Brazilian dude said:
			
		

> "Your ME or whatever it is is playing tricks on you...I don't think を could be used"
> 
> 
> _...I see now, BD, thanks - I hadn't noticed that IME selection when typing - and, although easily considering_ 「時間」 _the "stolen object", I find your suggestion to_ 「が」 _more suitable - you know, in a recent post we were just speaking about the appreciated growing use of _「を」_ in "alternance/misunderstandable sentences" to _「が」.
> 
> 
> かもめ。


----------



## Flaminius

Brazilian dude said:
			
		

> I don't think を could be used in these examples since we don't have the direct object anymore, but the subject of a passive verb.  I'd definitely use ga.

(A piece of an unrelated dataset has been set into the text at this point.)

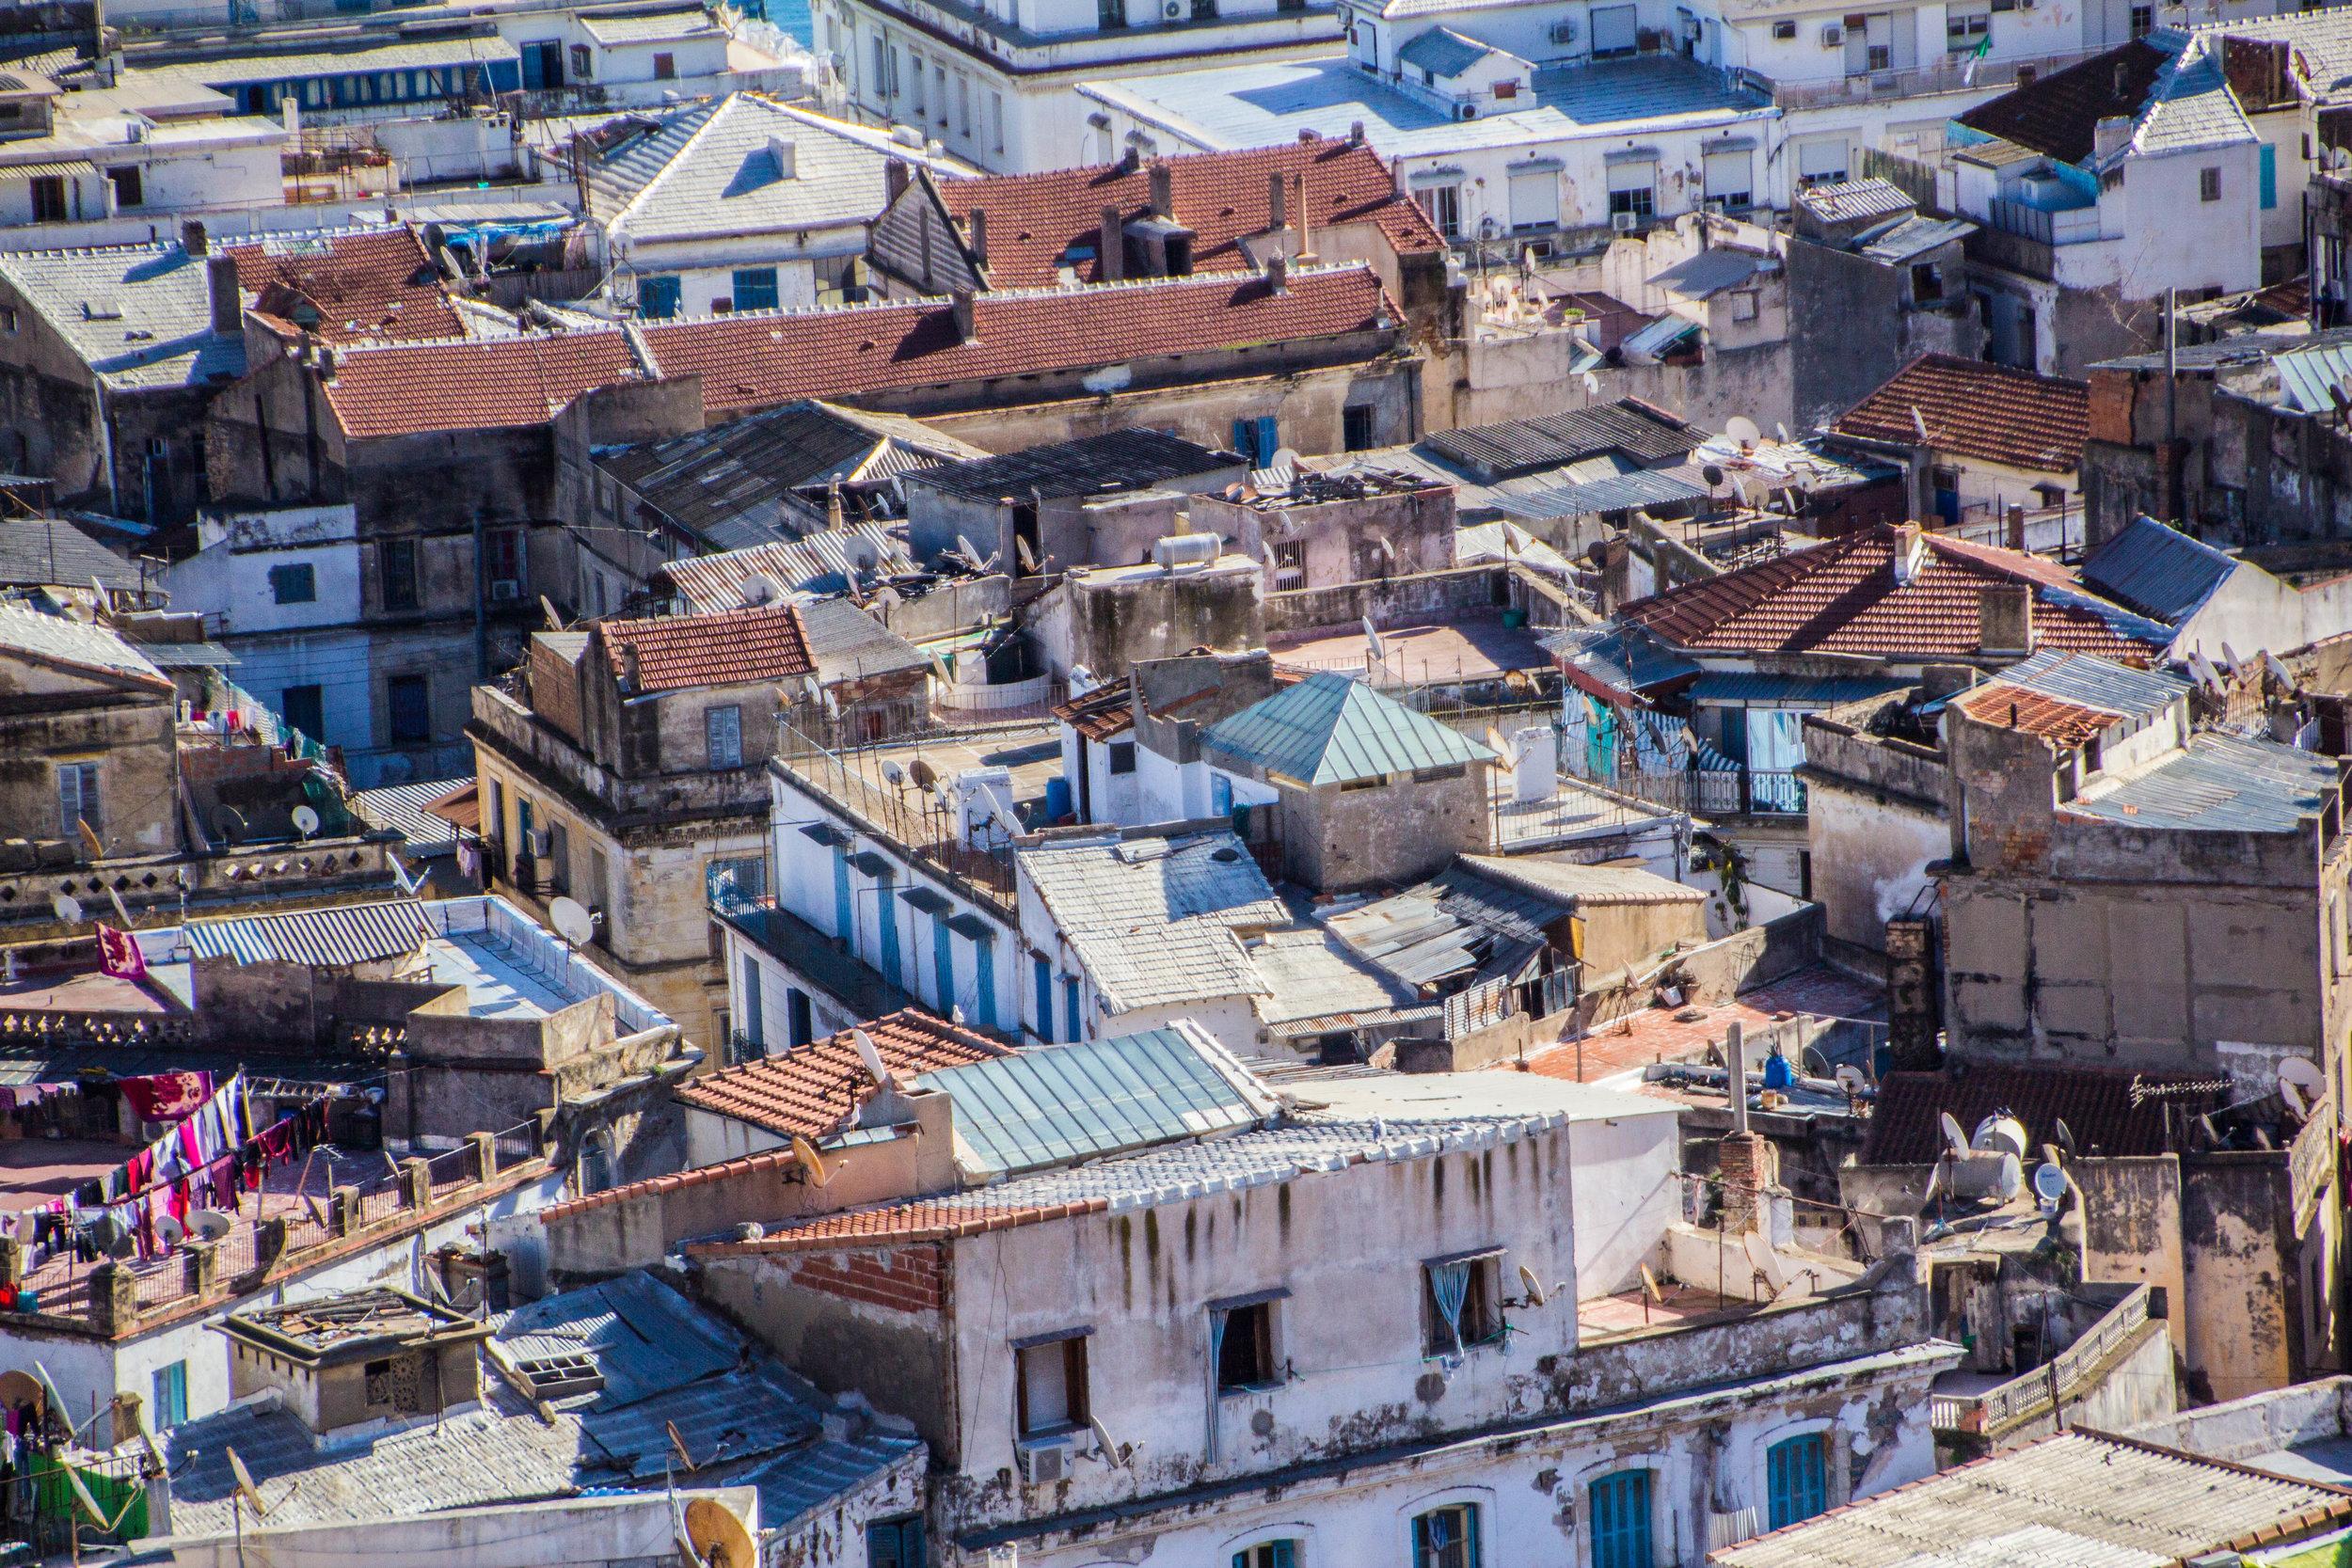 casbah-from-above-algiers-algeria-35.jpg

There is still the direct object in its own place and role.  The passive sentence can take both が and を.  An unequivocally _in situ_ direct object would be;

Taro-wa Hanako-ni saifu-o torare-ta.
Taro-Nom Hanako-BY wallet-Acc take-Passive-Past.
太郎は花子に財布を取られた。
Eng: Taro had his wallet stolen by Hanako.

A corresponding positive construction would be;

Hanako-wa Taro-no saifu-o totta.
Hanako-Topic Taro-Gen wallet-Acc take-Past.
花子は太郎の財布を取った。
Eng: Hanako stole Taro's wallet.

What is known as passive in Japanese denotes the subject undergoing certain action (which could be a full sentence with an object noun) involuntarily.

Flaminius bonae voluntatis


----------



## kamome

Flaminius said:
			
		

> There is still the direct object in its own place and role. The passive sentence can take both が and を.
> 
> _...thanks, Flamini amice - I supposed I wasn't all that wrong, this time..._
> 
> かもめ


----------